让赵昊推这一把,整张借据纵贯一道粗粗的墨痕,已然是废掉了。
    “赵昊,你胡闹什么?!”大伯见状勃然大怒。
    赵守正虽然也愣了一下,但见大哥要吃人的样子,忙摆手连连,想揽过责任道:“不干我儿事,是吾自个手抖了。”

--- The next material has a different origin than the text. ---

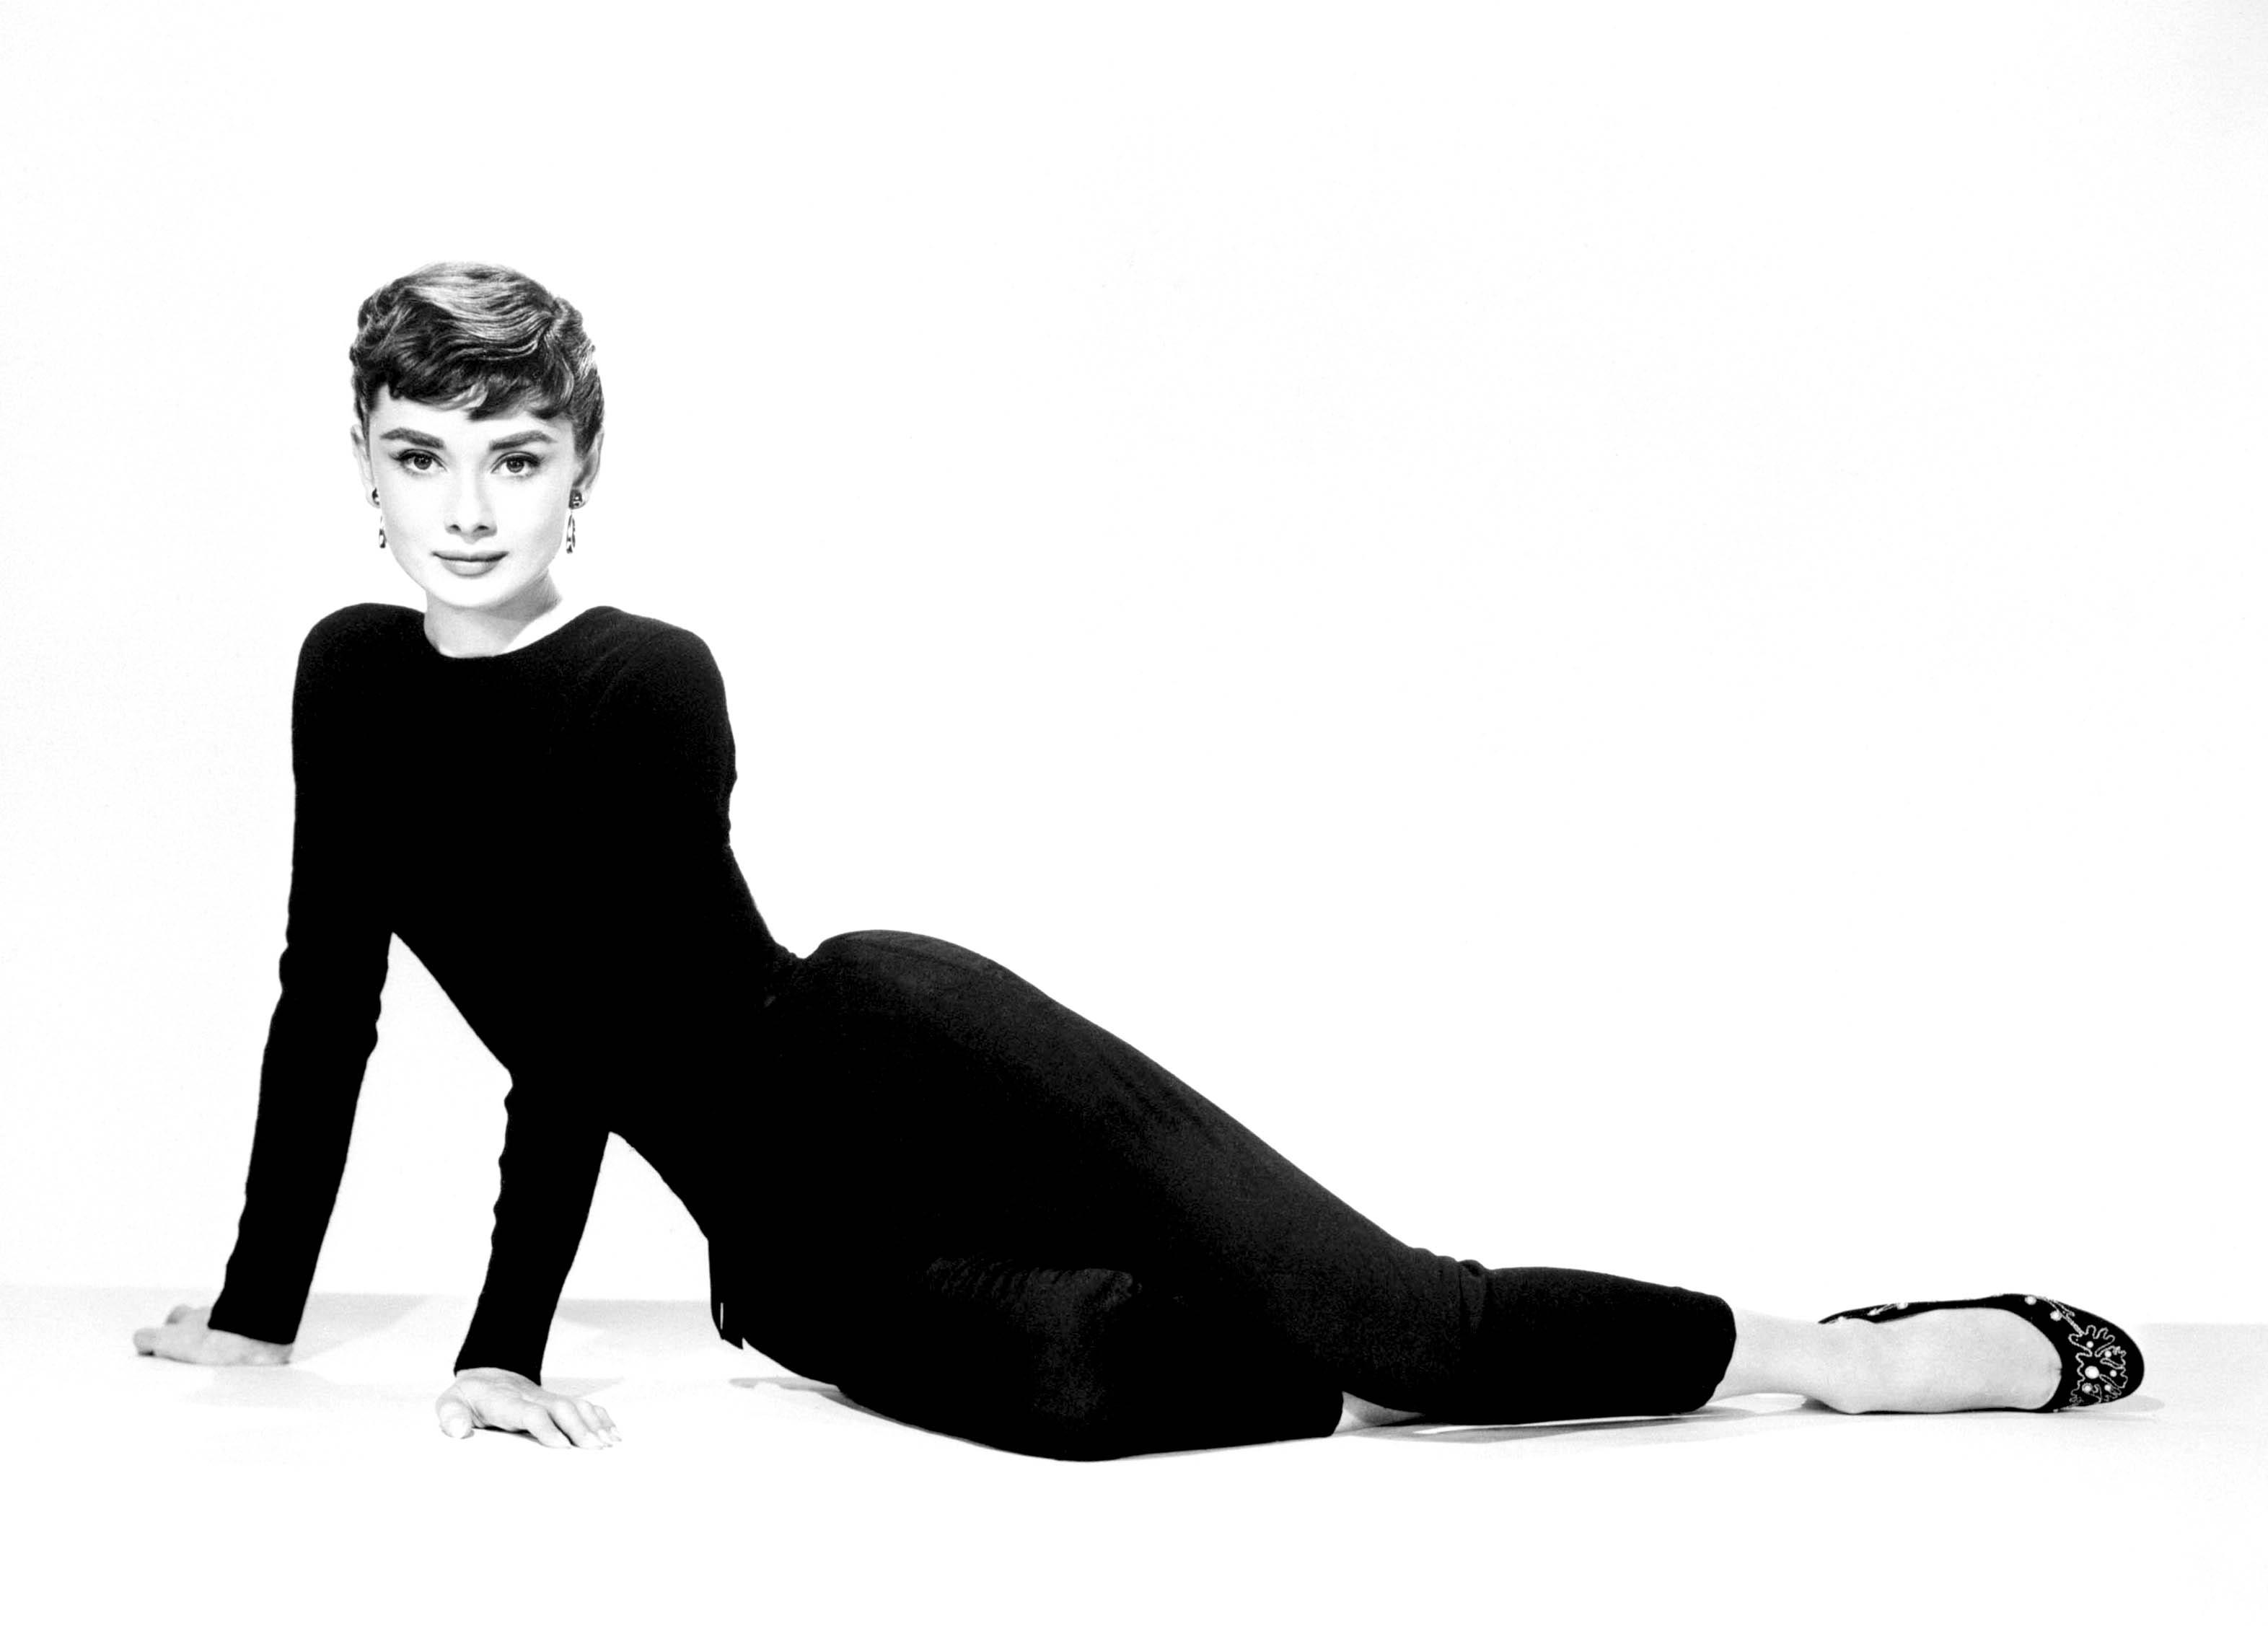 Audrey_Hepburn_frases_lecciones para ser feliz 3

    赵昊却没法领这个情。因为比倾家荡产更可怕的,是倾家荡产之后,还要背负巨债!况且还是这种吃人不吐骨头的高利贷!
    为了自己的将来,他无论如何都要阻止这兄弟俩往火坑里跳。只好硬着头皮对上了双目喷火的赵守业。
    “大伯,这么大的事情,怎能不和爷爷商量一下?”
    “他被关在都察院里,我能见得着吗?!”大伯愤怒的声音都变了调,显然把这不长眼的小子,当成了出气筒。
    一旦开了头,赵昊也没什么好顾忌的了,两手一摊道:“这就奇怪了,都察院的人都能来家里要钱,为何却不能让我们见见祖父?”
    见这小子将矛头指向自己,那南京都察院的监察御史,不禁勃然作色,猛一摆手道:
    “朝廷法度,岂能儿戏?黄口小儿还不速速退下?”
    “朝廷法度,呵呵?”赵昊却夷然不惧,揶揄那名御史道:“你们部院勾结,在这里公然收钱平事,真把朝廷法度当回事儿了吗?”
    “你!”两位官员都气坏了,指着赵昊说不出话来。
    “你再胡说,就要把全家害死了!”赵守业也怒了,举手就要打赵昊耳光。
    赵昊刚想躲,却见一条人影倏然挡在了自己身前。却是赵守正举手架住了自己大哥。
    “君子动口不动手,大哥说教即可,不要动手打吾儿!”
    “都是你惯出来!”大伯气不打一处来,一边使劲想甩开赵守正,一边怒道:“平日里胡闹不说,全家生死攸关的时候也敢捣乱,我今天非揍他不可!”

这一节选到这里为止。